It’s the start of the Formula One season. Lots of races for sports fans to enjoy, lots of potential data stories for those who like to viz out the F1 seasons. Such good data to play with.
So began the season and a comment I read from a driver about how “the cars are getting closer and closer in terms of time” stuck with me. After the qualifying session, I checked. And indeed, every car is inside a 2 second gap from pole position to the last. Pretty short times if you check out the link.
https://www.bbc.com/sport/formula1/2023/bahrain-grand-prix/results/qualifying
But what does that look like? So I though to plot it, use that length thing people are so good at to see if the gaps can been seen/understood better. Be fun, be easy since not much data and Tableau makes a Gantt chart well. Ohhhh was I wrong.

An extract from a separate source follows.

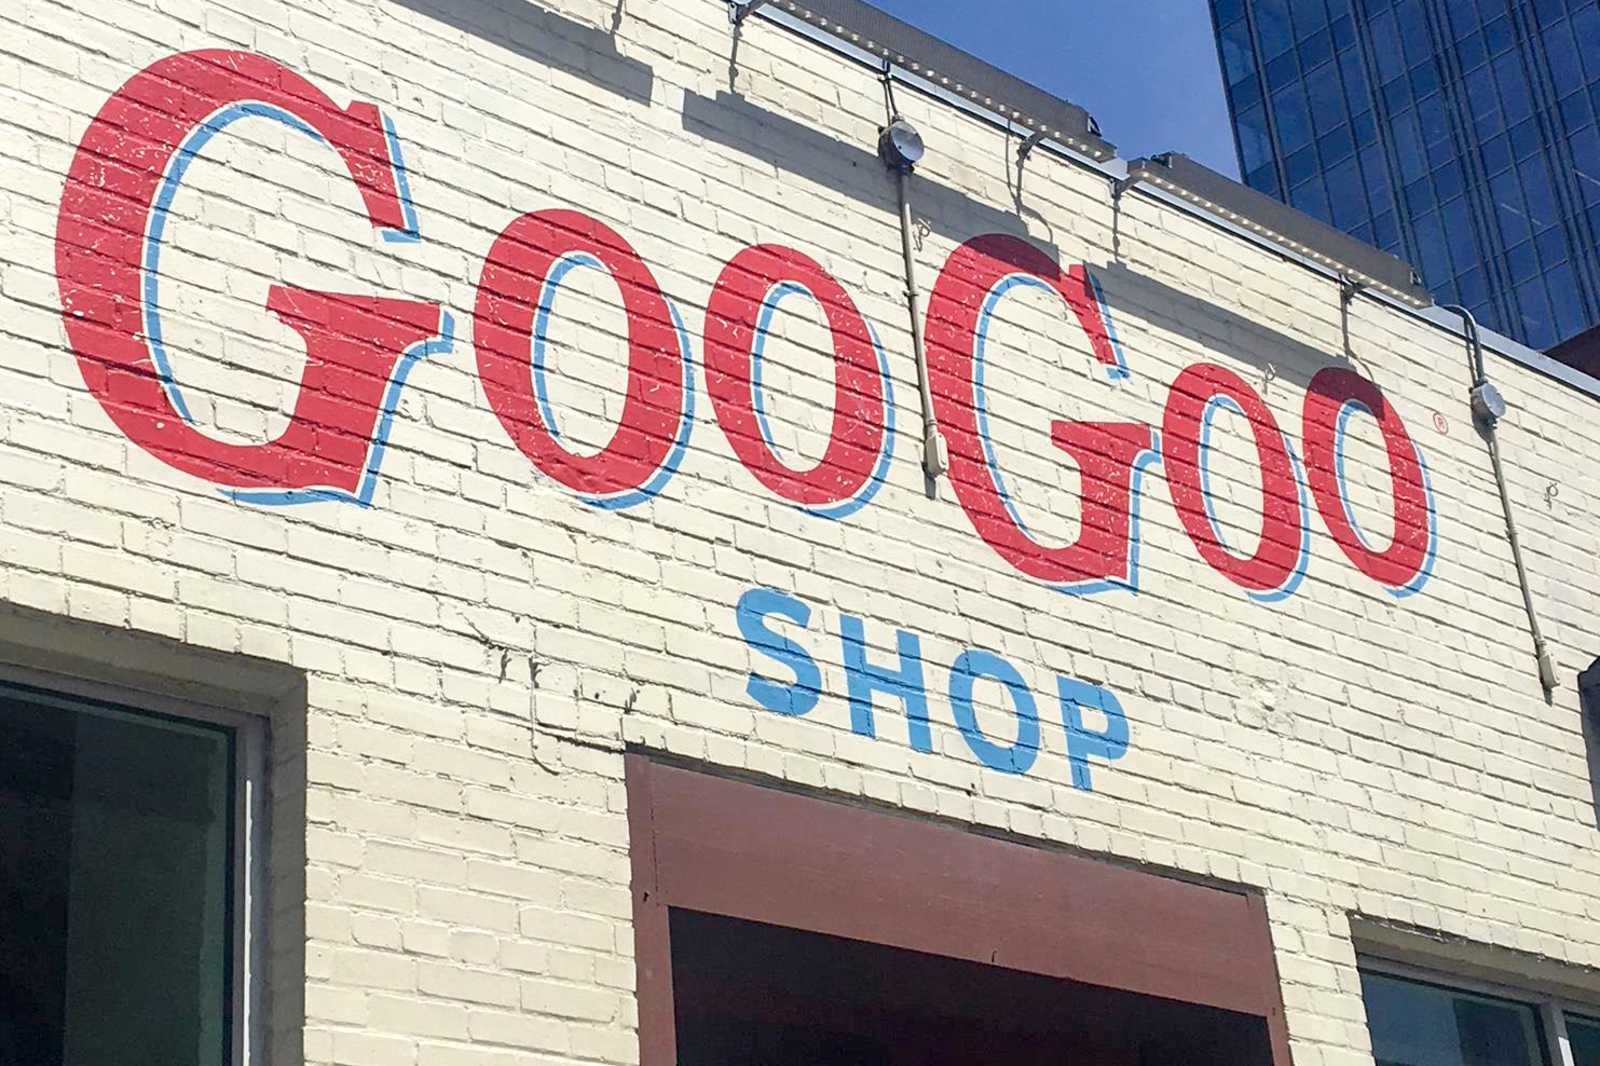 Der Süßwarenladen Goo Goo Shop in Nashville

Seems that date functions in Google sheets, Tableau and others don’t handle microseconds well. Seconds yes, microseconds no. So some searching later, some other comments how bad its handled and I’m of with math. Ended up converting the time to numbers to handle the microseconds – so multiplied the seconds element by 1000 and worked with numbers, keeping in mind that the 1000, 2000 marks meant it was a new second. So math done, time to see it.

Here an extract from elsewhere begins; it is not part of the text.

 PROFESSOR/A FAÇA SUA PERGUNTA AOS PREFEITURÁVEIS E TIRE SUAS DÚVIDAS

Got a reasonable view out in the end. The length shows the top 10 mostly grouped up together, some very very close drivers in terms of time, the inevitable large gap to Max Verstappen and clusters for the other two qualifying sessions. Added the previous year as well (same need to manually crunch, took less time since I know what to do) and you can see on the same track, for 20 drivers in 10 teams, they are indeed qualifying closer and closer to each other.
The remarkable thing, the whole top visual covers a span of under 2 seconds. The slowest driver in the slowest car is a less than 2 seconds slower over a lap (90 seconds plus) than the fastest. 2 seconds at nearly 200 km/hr goes by fast.
What next? Well, enjoy the F1 season. I might try to covert the time to distance to show in a different way just how close these cars are performance wise. And with lots of races, let’s hope for some interesting events in the season so each race generates some interesting data viz opportunities.
So, my tip for you. If you are going to work with short times, microseconds, be prepared to convert the minutes and seconds from time to integer numbers.